On hearing Sydney Opera House was 50...

The iconic Sydney Opera House is 50 . Why do I care? This.

Hearing of the anniversary on the radio as I drove back from my morning swim, I was momentarily transported back to a weekend in March 2016 during the best eight weeks of my life travelling solo up the East coast of Australia in my late daughter Gabi's memory. A promise we would do it together, instead kept with her rabbit, Fudge to remind me she was doing it with me in Spirit instead. Every place, every animal, every person, every view I had promised. I did it for her because I could no longer do it with her.


I will never forget that Saturday night in Sydney during my last week on the other side of the world. It was the anniversary of my late husband's death, which felt poignant as he had spent a year in Australia after leaving university. I walked 50 minutes from my Air BnB to take my pre-booked final tour of the day up into the sails of Danish architectural genius Jorn Utzon's "8th wonder of the world". 

His vision, creativity, the 'impossible' engineering innovations, soaring cost over-runs ending at 1400% over budget, political shenanigans, male egos- Jorn finally storming off the site, never seeing it finished in person, not even being invited to the opening ceremony by our own late Queen- was the jaw-dropping stuff of soap operas to our group of ten nationalities.

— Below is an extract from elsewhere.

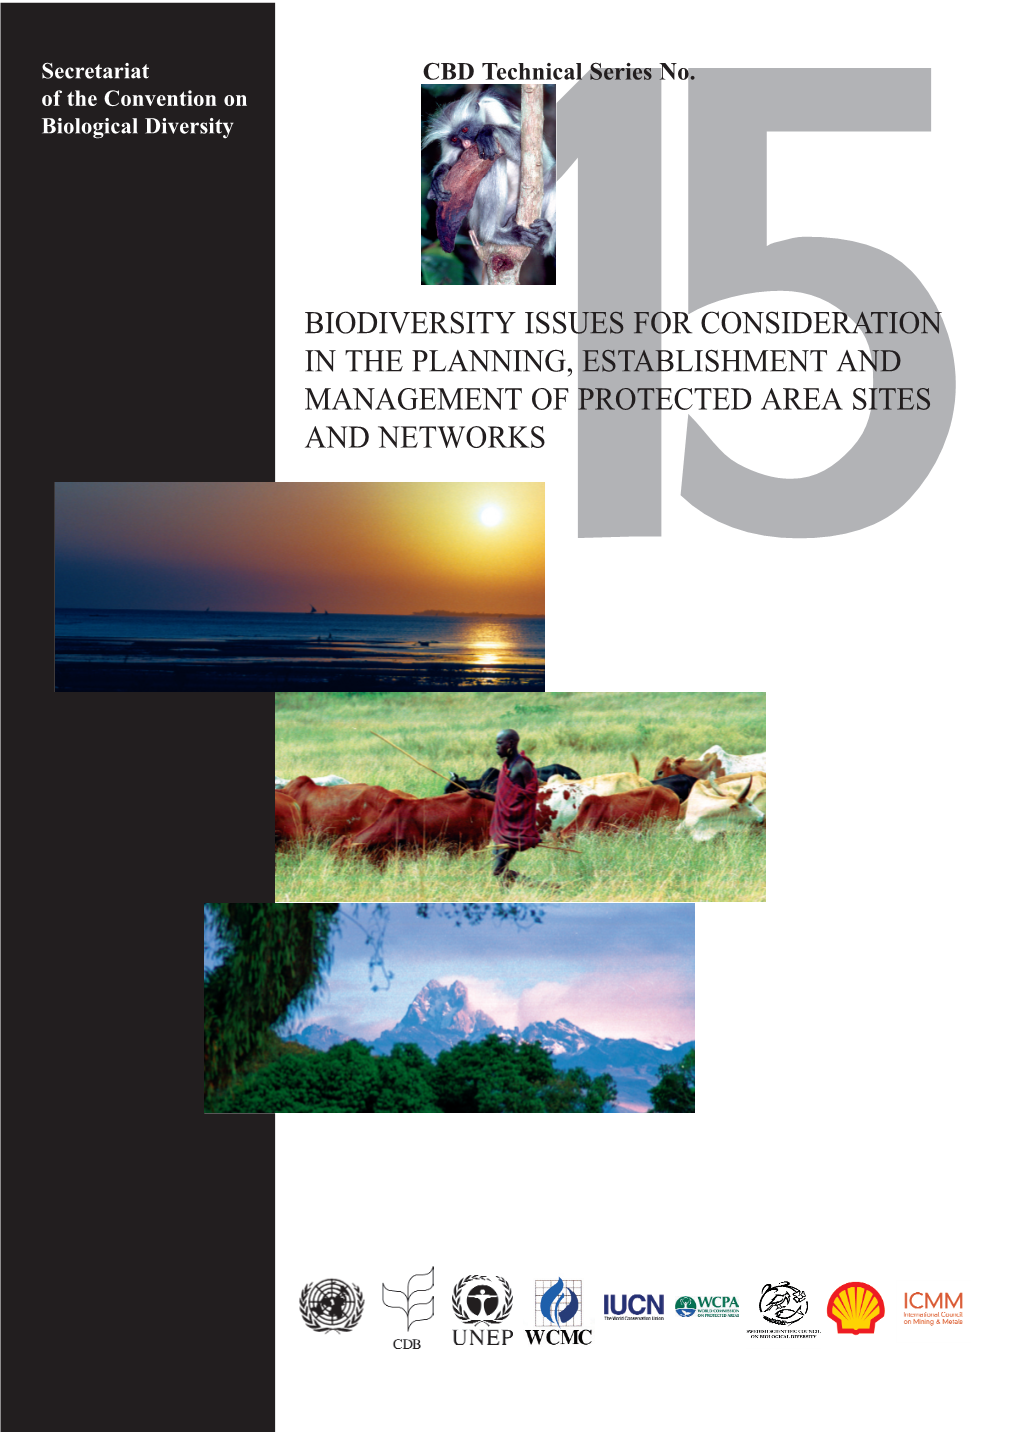 Biodiversity Issues for Consideration in the Planning, Establishment and Management of Protected Area Sites and Networks Secretariat CBD Technical Series No

Photographing the angles I wanted proved tricky in the limited space on the roof, so I waited until the others had moved inside- and got locked out on the roof unnoticed for ten minutes until a staff member chanced by, when a one-way door slammed shut, while the others enjoyed a tour of the Grand Auditorium!

Half an hour and a bite to eat in the restaurant later and I was queueing for the only available show, the Barber of Seville. I don't even like opera over-much, but I wanted that experience and the only tickets left were a zillion pounds. I begged to be let into the restricted view latecomers box right up in the Gods. Staff at first refused, but I adopted my most pleading expression and with under a minute till curtain up, they relented.

It was magnificent. I laughed, I cried, and at the interval left alone in the highest box unattended, the usher insisted I move somewhere safer- and put me in the best seats in the house which no-one had turned up to claim. Right in the centre of the circle’s front row. The zillion quid seats. She said "I could see you were enjoying it so much, I wanted you to have this seat." Wow.


Mingling with the global opera-goers on the steps afterwards, watching the lights play over the sails and the Sydney Harbour Bridge below a star-studded sky, then walking alone feeling safe, empowered, strong, adventurous, free, all the way back around the harbour at midnight was a feeling I will never forget.

Thinking about Jorn Utzon's talent, vision, tenacity, fearlessness into despair, disappointment, ridicule and ultimate restoration, redemption and forgiveness for those who decried him are lessons I will also never forget.

So HAPPY 50th SYDNEY OPERA HOUSE. I have not forgotten you or what you represented to me. My own redemption from despair and hopelessness.

If you'd like to know how my journey celebrated Gabi's life on the other side of the world, you can read more of my story here: https://www.travelzoo.com/.../heroes-of-solo-travel-the.../

And I can't go without a shout-out to these lovelies. One person poured heart and soul - and weeks of her life- into arranging my travel itinerary, my dear friend Allison Butler who had emigrated to the Sydney area over a decade before. And my amazing team who made the journey possible by care-taking my business while I was away. 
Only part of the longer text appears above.